I noticed that even after tightening it, car car still rolled backwards. So I back down the driveway, turn arround, and back up the driveway. Ebrake holds perfect.

I know nothing about drum brakes. Never had a car with them so I need to be schooled since we share the same style ebrake setup as the Corvette with it being a drum style.

Why does it not let my car roll foreward but will let my car run backword?


----------



## cgronewold (Jun 18, 2010)

I have the same problem ever since I upgraded to the 06 brake set up.


----------



## jpalamar (Jul 22, 2008)

I'm still on my 04 setup, aftermarket pads and rotors, I wouldn't think it should effect anything.


----------



## motoristx (Apr 27, 2010)

can you tell if both sides are engauging? mine wasn't so i had the same problem.
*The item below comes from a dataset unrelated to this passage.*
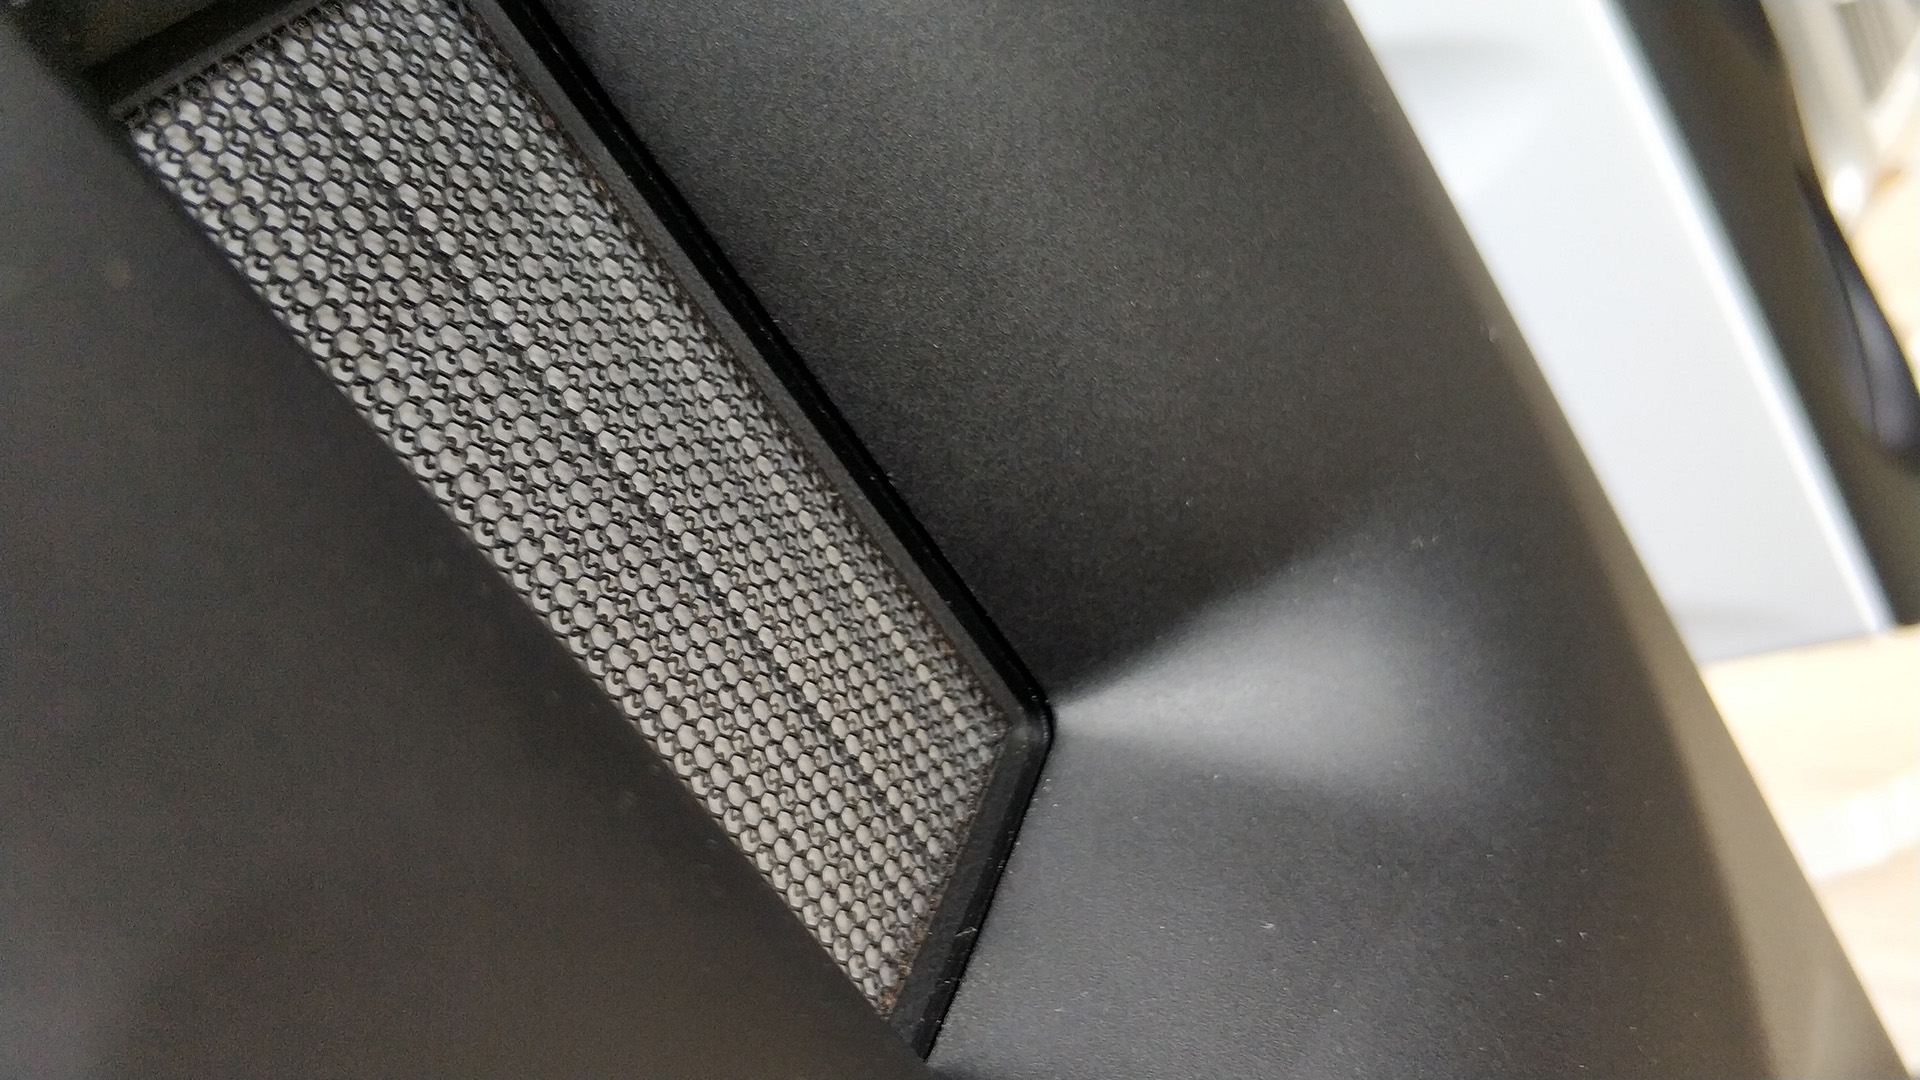 Завершающий штрих: полутораметровая колонка Børresen Z5 – венец линейки Z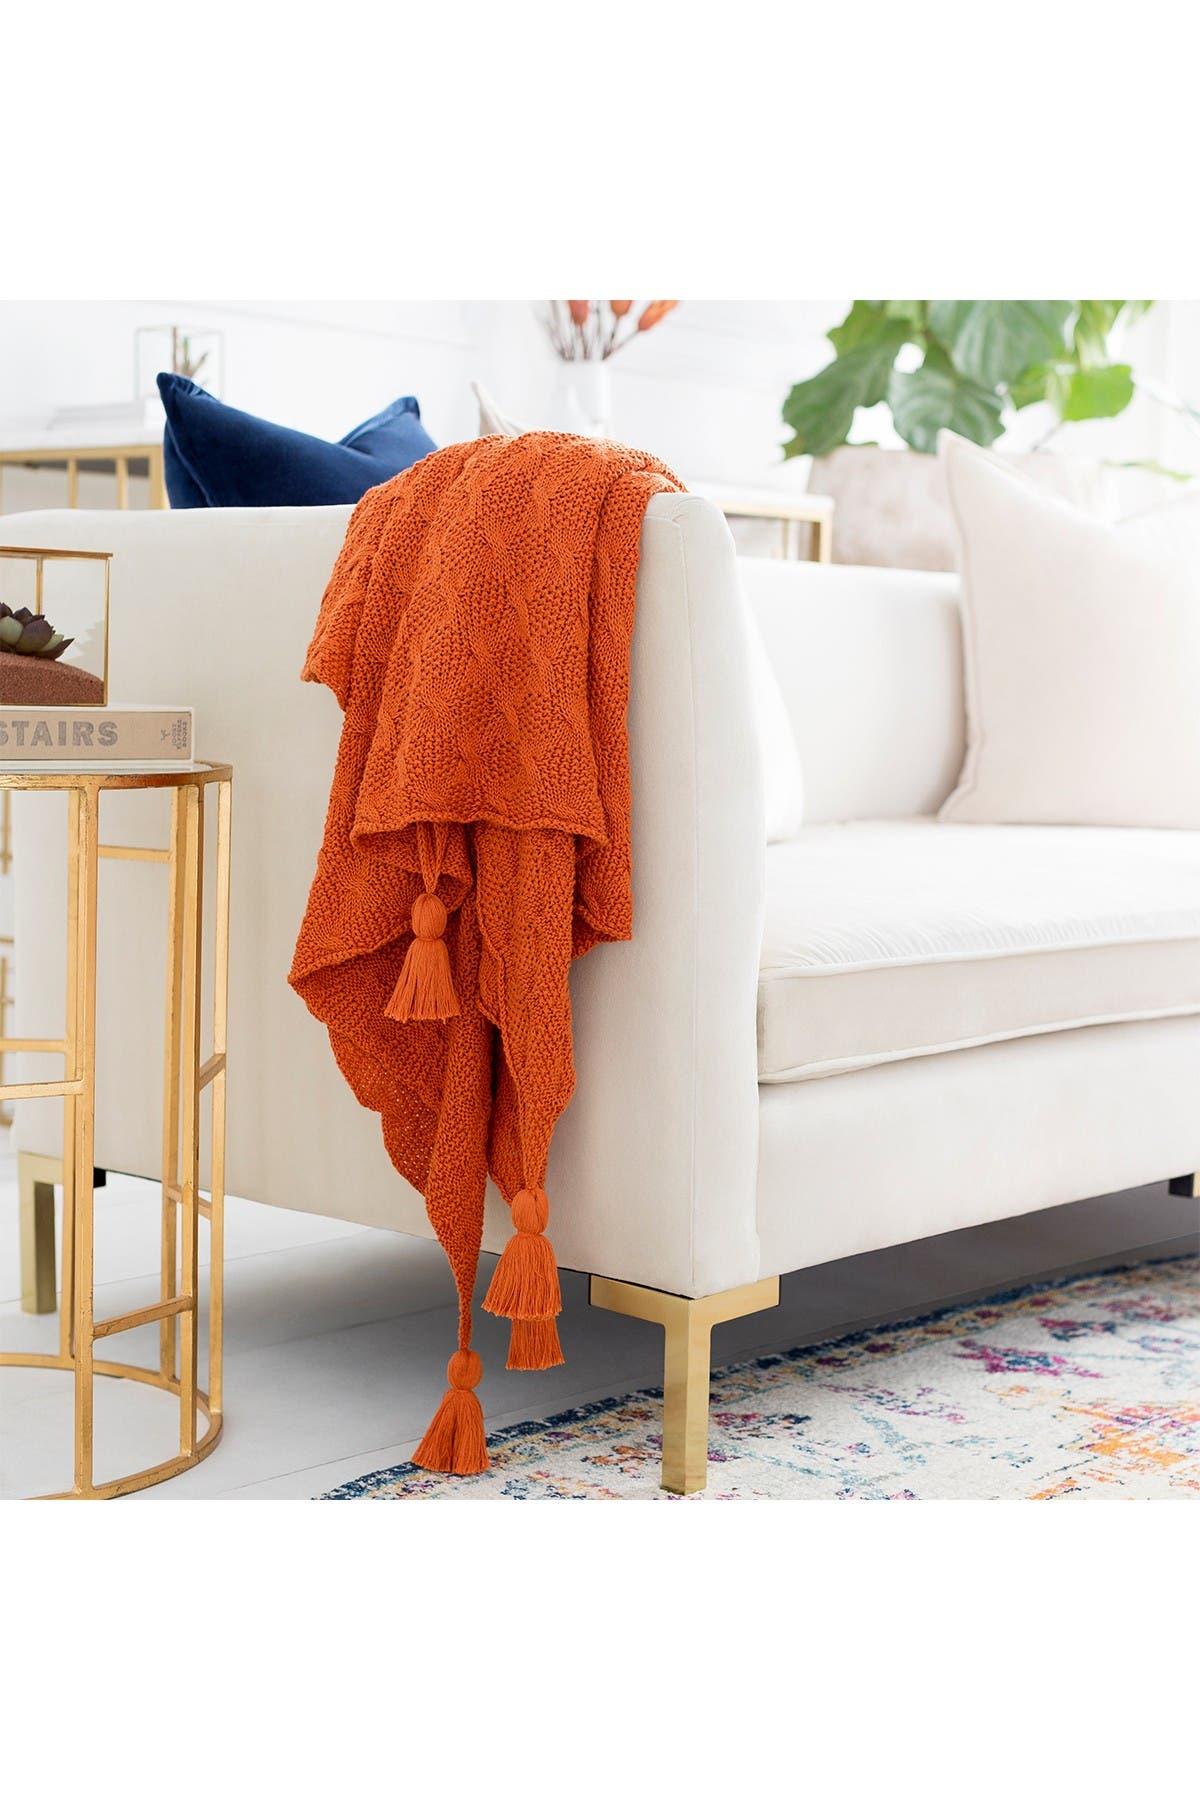 Image of SURYA HOME Bright Orange India Texture Throw

when you pull the rotors off, you gong to notice (at the very bottom) a self adjusting device. this will self adjust the brake shoe so the engauges at the same pressure even as they get worn down. basicaly it works like a little ratchet, ratching out every time it gets worn down a little bit more.

i had to bend out the little metal part the holds the correct adjustment, and i had to clean up the screw and groved washer cuase they where frozen in place. 

i will tell you it's a bi of a pain to get it installed once you pull it out, so pay very close attention to how it comes out.

this solved my problem of rolling backwards in the driveway. also when your driving aboubt 5 MPH (any faster is kinda dangerous) pull up on the ebrake and use it to slow down. do this in forward and reverse, it will help that self adjusting device get adjusted to where it needs when you first reinstall it. i did it about 5 times and it tightened right up.


----------